Bloomberg Economics research shows that China has overtaken the US in international patent applications, which are stretching across a broader range of areas. That’s a positive signal for China’s efforts to commercialize new technologies — even as questions remain over whether its patents are more incremental than innovative.

China’s Patents Are Increasing Across Technologies

Percentage of world’s PCT patent publications by sector

Chart

Sources: World Intellectual Property Organization and Bloomberg Economics

China recently publicized a patent application from Shanghai Micro Electronics Equipment Group Co., known as SMEE, for an EUV lithography machine. If it gets to market — a big “if” given how complicated they are to make — the Chinese company would be the only one in the world apart from ASML capable of manufacturing such equipment.

The US export controls generated “massive incentives” for Chinese firms to collaborate more among themselves, according to Paul Triolo, partner for China and Technology Policy Lead at Washington-based advisory firm Albright Stonebridge Group. While Huawei’s AI chips aren’t comparable to those from Nvidia and Apple, he said, “they are capable enough for many applications.”

“Major progress has been made in moving towards manufacturing processes that minimize the use of particularly US tools,” Triolo said. “This process will be slow and challenging, particularly as the US continues to ratchet up controls targeting both tool makers and front-end manufacturing facilities.”

At the moment, US lawmakers are pushing ahead with more measures to wall off Chinese technology. An expanding list of products and services that transmit data — as most things now do in the modern world — are now seen as threats to national security.

Earlier this year, Biden signed a law requiring Chinese-based parent company Bytedance Ltd. to divest from TikTok or face a US ban of the popular social media site. And last month, the US House passed what’s known as the Biosecure Act, a bill that would blacklist Chinese biotech companies from lucrative US-funded research if it becomes law.
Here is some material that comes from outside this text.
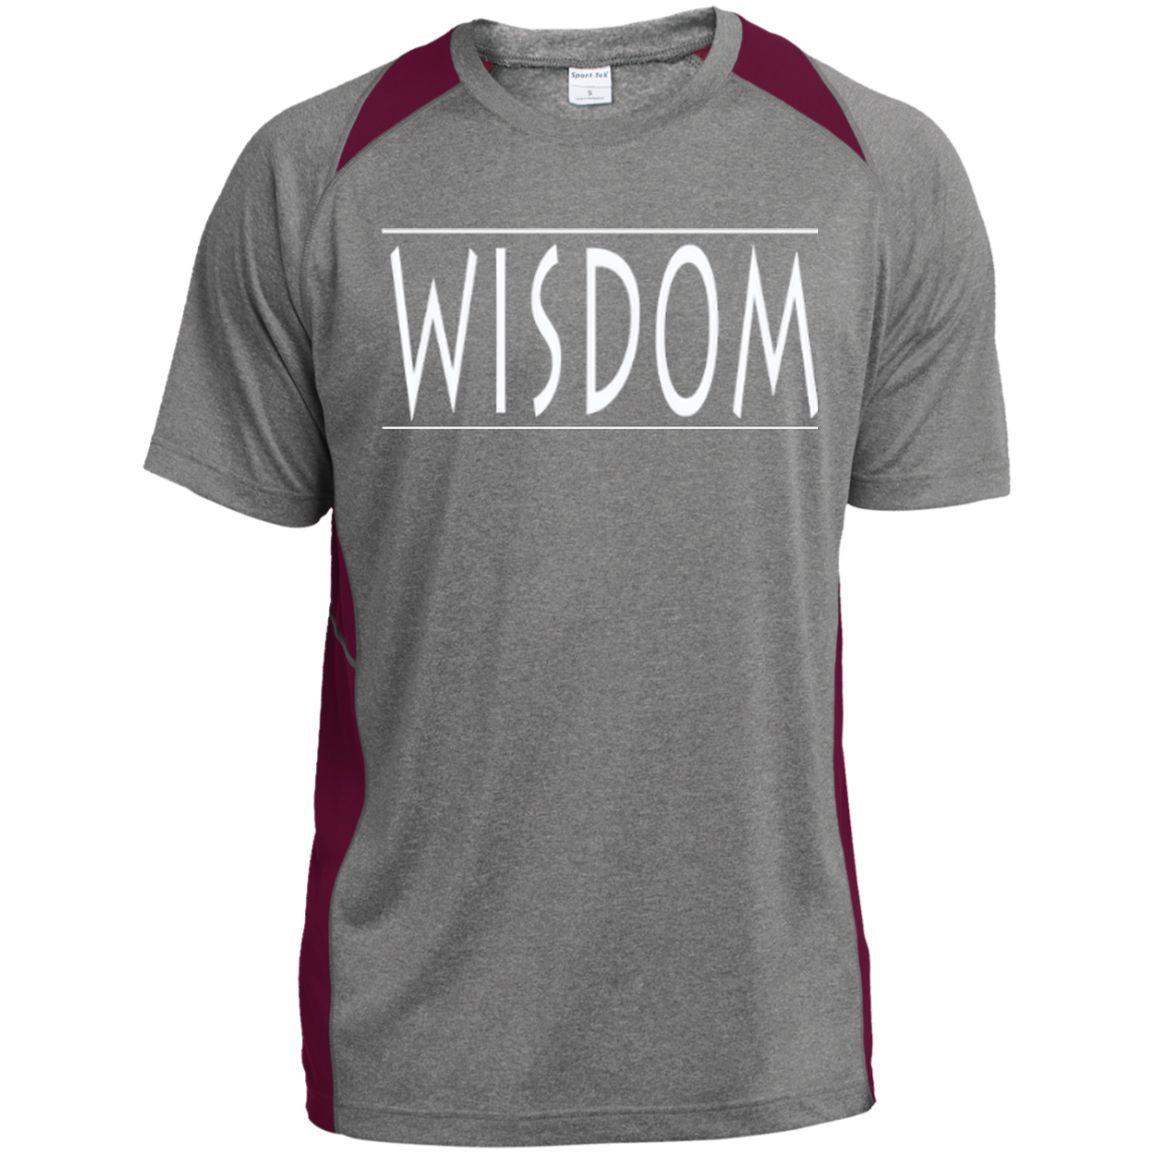 Wisdom /Custom Printed Heather Colorblock Poly T-shirt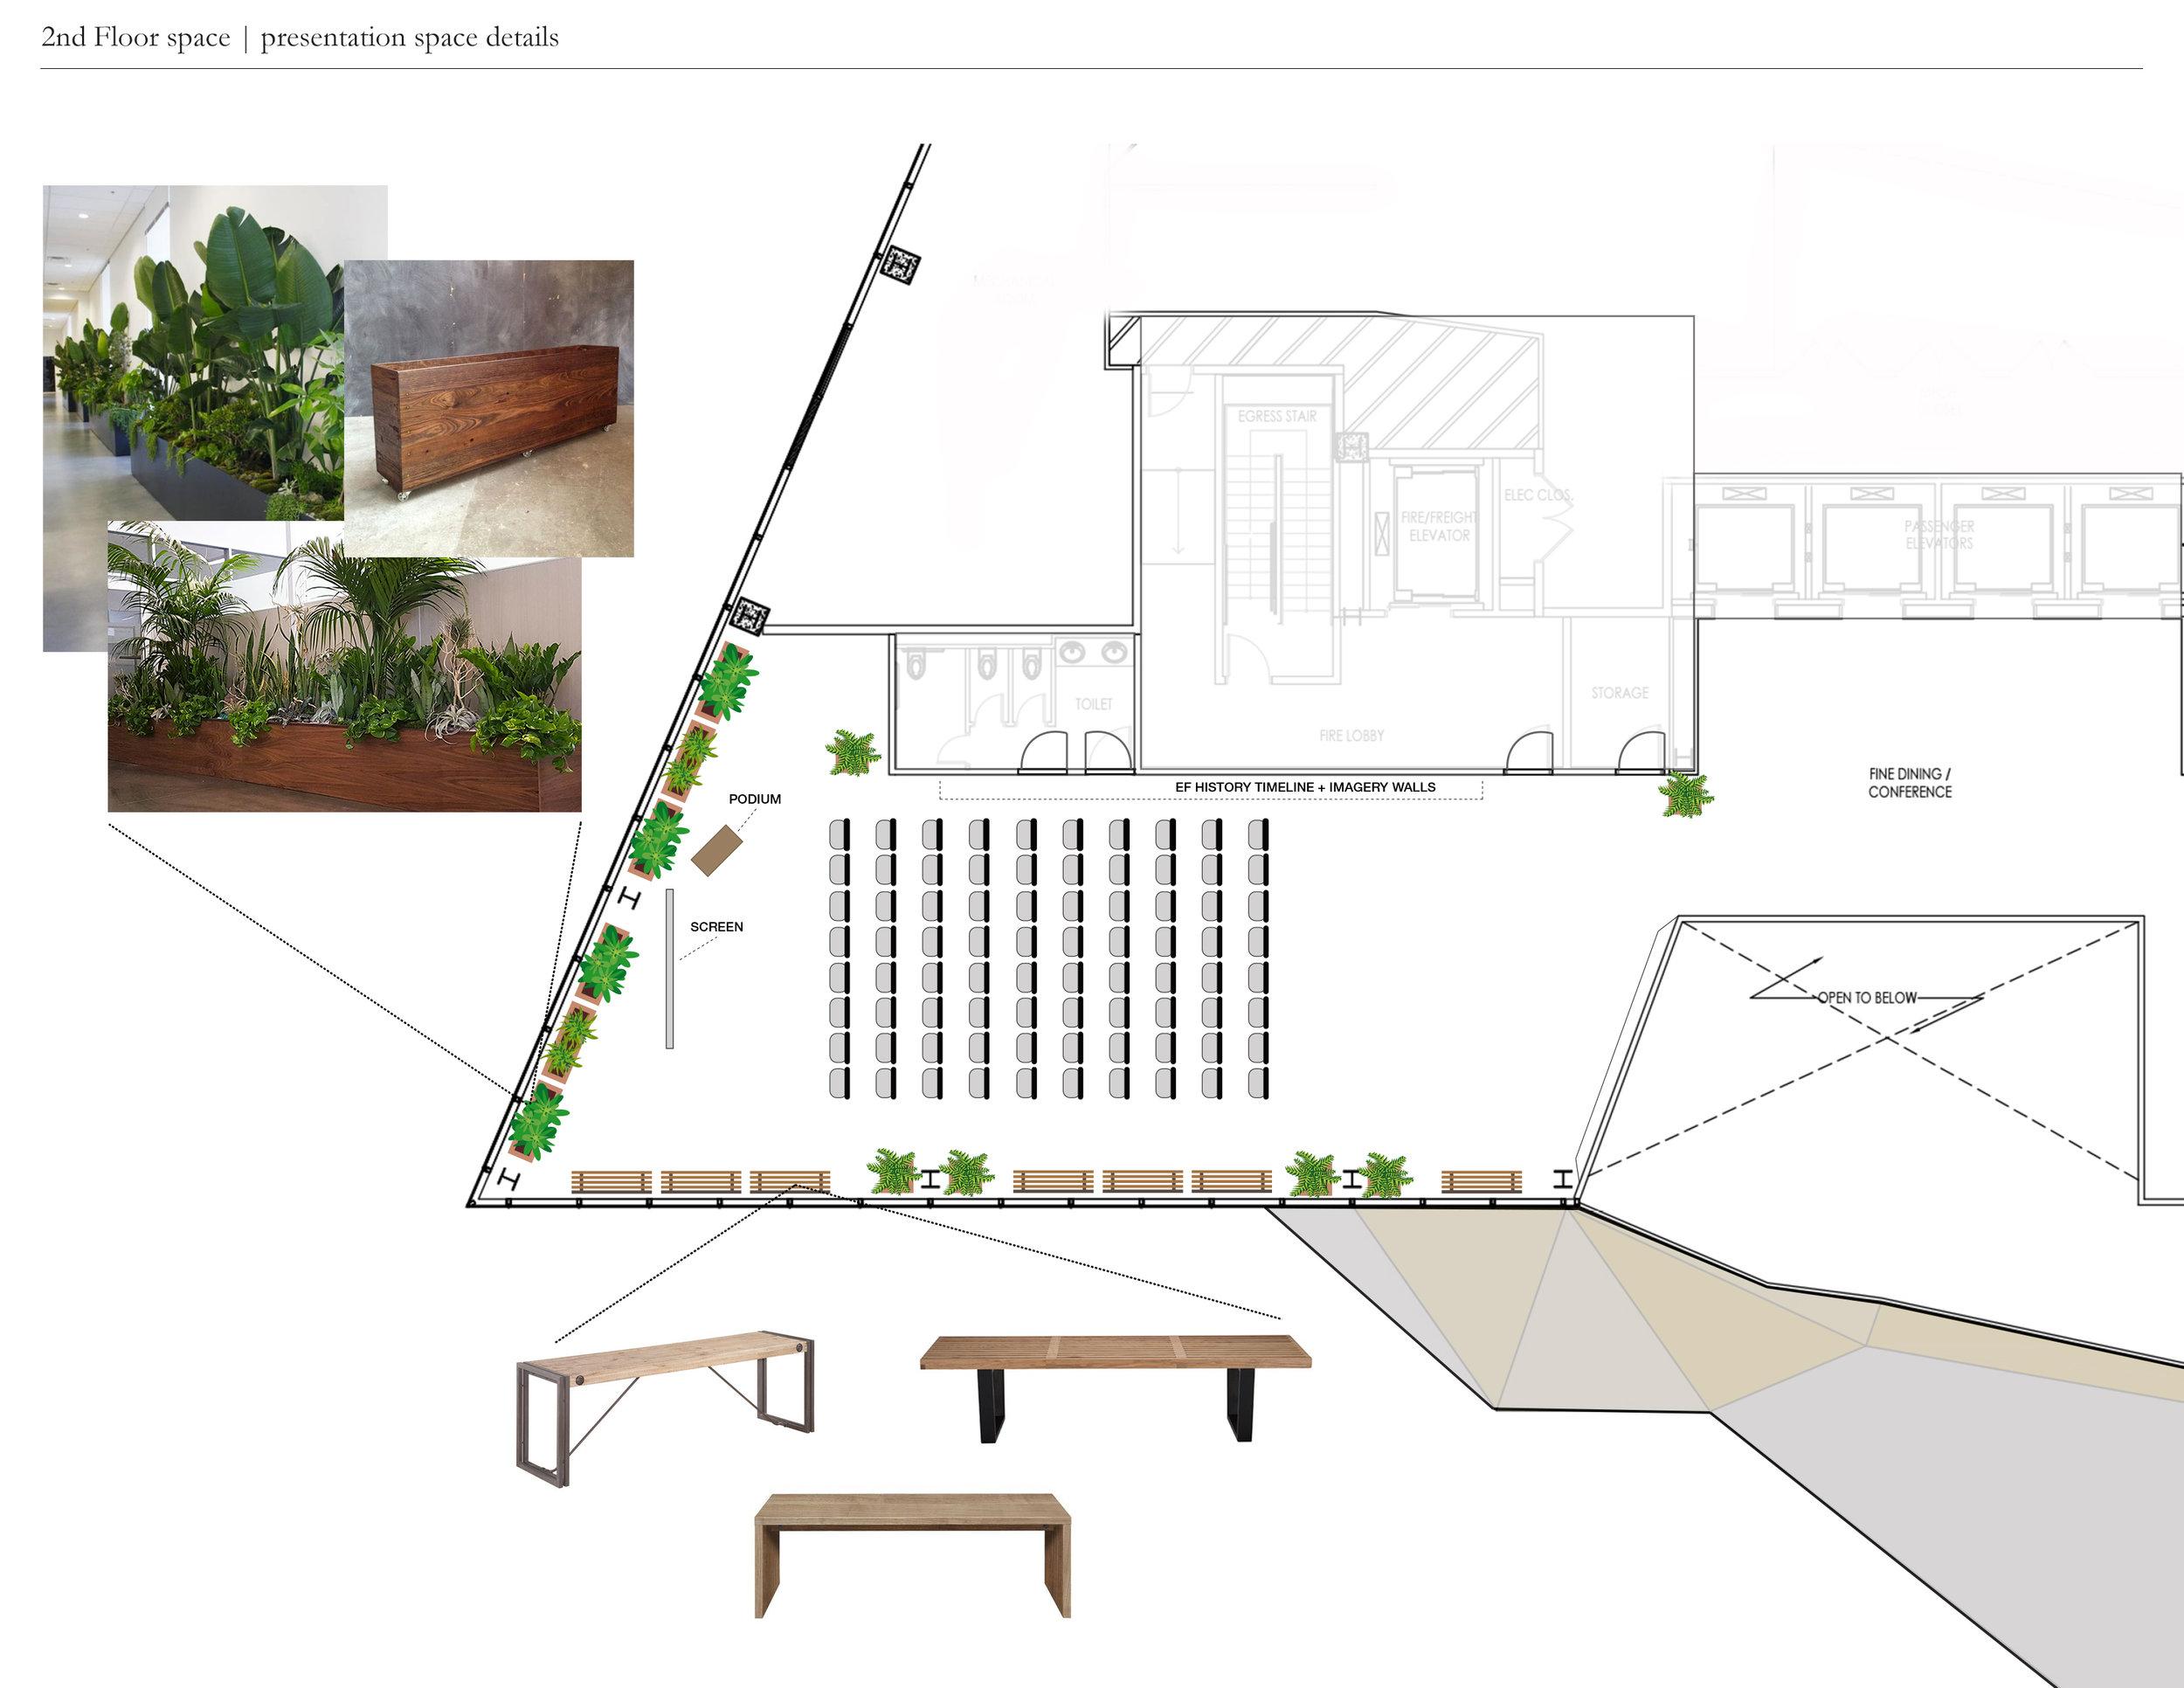 PresentationSpace-Plan.jpg

TikTok's offices in Culver City, California.

TikTok’s offices in Culver City, California. Photographer: Bing Guan/Bloomberg

The US’s focus on national security is making it a global outlier, particularly when it comes to EVs. While the European Union, Brazil and Turkey have raised tariffs on Chinese EVs, they have also welcomed companies such as BYD — which now sells more electric cars than Elon Musk’s Tesla Inc. — to set up factories and build locally.

“The efforts to contain China worked in the short term,” said Shen Meng, a director at Beijing-based investment bank Chanson & Co. “But in the long run China will find ways to circumvent this containment.”

Trump has indicated an openness for Chinese automakers to build cars in the US as a way to create jobs, but it’s unclear what he’ll do should he win the election. While he was president, his administration at one point advocated for a “Clean Network” in which no data from American citizens would be accessible to China — an idea that ended up going nowhere.

Harris would be likely to follow the current White House, which is now seeking to ban Chinese-made hardware and software for automobiles due to national security concerns, effectively blocking all Chinese EVs from operating in the US. Such a restriction also risks spreading to any Chinese-made product that transmits data, from televisions to washing machines.

An assembly line at BYD Co.'s plant in Nikhom Phatthana, Thailand, in July.

An assembly line at BYD’s plant in Nikhom Phatthana, Thailand, in July. Photographer: Valeria Mongelli/Bloomberg

China, for its part, is doing more to protect its own tech. Beijing has strongly advised its carmakers to make sure advanced electric vehicle technology stays in the country, with key components produced domestically and then sent for final assembly in other factories around the world.

All of this means it’s becoming harder for global companies to operate in both the US and China, Peter Mandelson, a former European trade commissioner who co-founded the consulting firm Global Counsel, said during an interview in Hong Kong.

“A rupture has emerged,” said Mandelson, now a close adviser to UK leader Keir Starmer. “This is a very strong headwind blowing across the global economy, and international companies need to navigate that.”